Чеслав Милош - Порабощенный разум
Отречься от лояльности в отношении собственного государства и уничтожить в себе патриотические чувства, внушавшиеся в школе и в университете, — такова была цена вступления на путь прогресса. Не все были готовы заплатить такую цену. Наша группа распалась. Самые многообещающие молодые «проправительственные политики», Стефан и Хенрик, стали сталинистами. Ежи и я отошли. Те, которые согласились заплатить высокую цену, считали нас слабыми, колеблющимися поэтами, литературными декадентами, неспособными к действию. Может быть, такое мнение не было далеким от истины. Не знаю, однако, является ли железная последовательность самой большой человеческой добродетелью.
Гамма стал сталинистом. Я думаю, что, когда он писал свои стихи, лишенные страсти, он чувствовал себя плохо. Он не был создан для литературы. Сидя над листом бумаги, он чувствовал в себе пустоту. Он не был способен переживать упоение писателя — ни упоение творческого процесса, ни упоение утоленного честолюбия. Промежуток между национализмом и сталинизмом был для него пустой бездной, временем бессмысленных попыток и разочарований.
Коммунистическая партия в нашей стране была чрезвычайно слабой; она была партией нелегальной.

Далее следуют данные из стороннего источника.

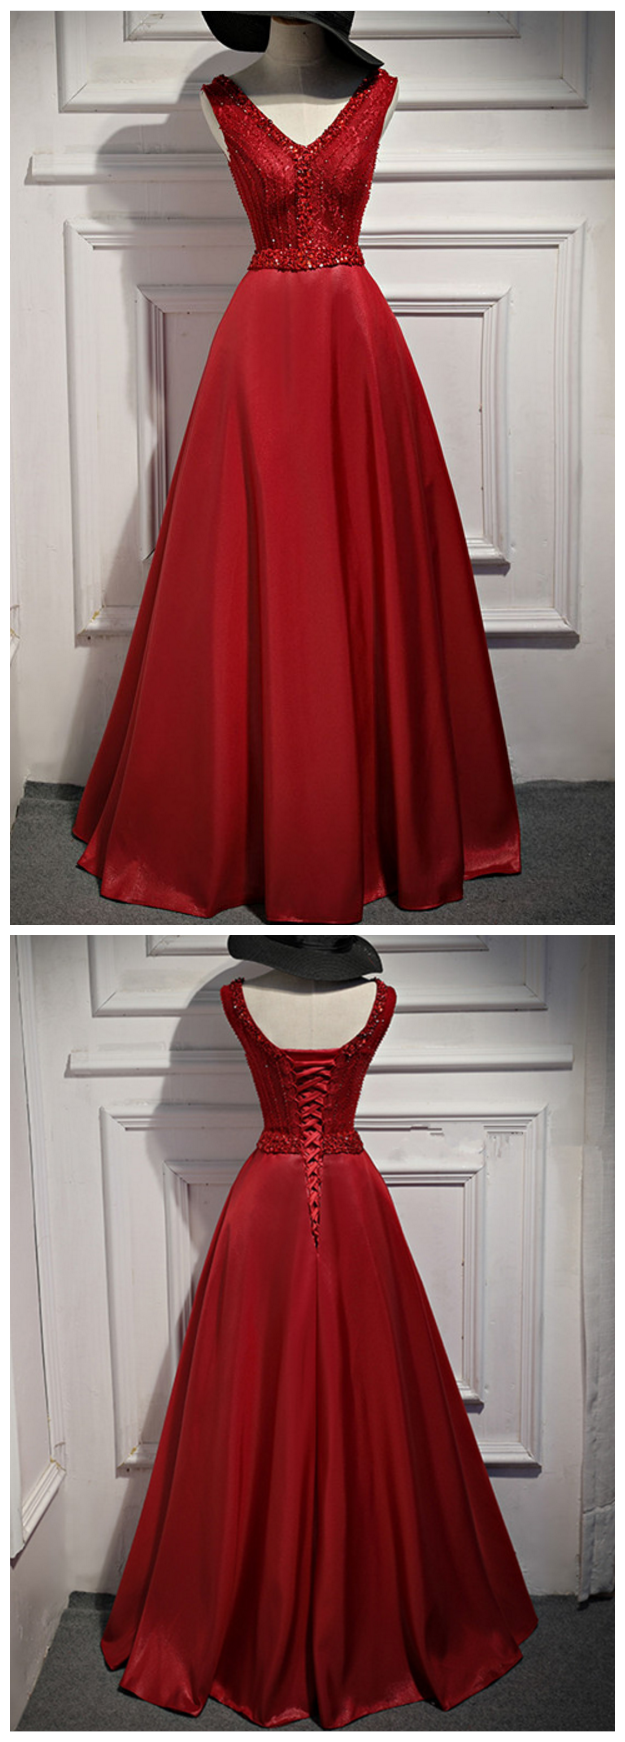 Satin With Applique Evening Dresses ,robe De Soiree Vestido De Festa Asymmetrical Evening Dresses

За принадлежность к ней наказывали по статье, которая считала преступлением всякую попытку оторвать от государства часть его территории. Руководители Партии понимали бессмысленность нелегальной работы и старались влиять на общественное мнение через сочувствующих, не состоящих в партии непосредственно. В Польше издавалось довольно много журналов, которые следовали партийной линии, смягчая ее соответственно для неподготовленных читателей. Группа, в которой оказался Гамма, начала издавать один из таких журналов[126]. Контакты с представителями Партии происходили тайно, часто на прогулках в окрестные леса. Это было уже по окончании университета большинством членов группы: время войны в Испании, коммунистического фронта «в защиту культуры», к которому старались привлечь как можно больше либералов.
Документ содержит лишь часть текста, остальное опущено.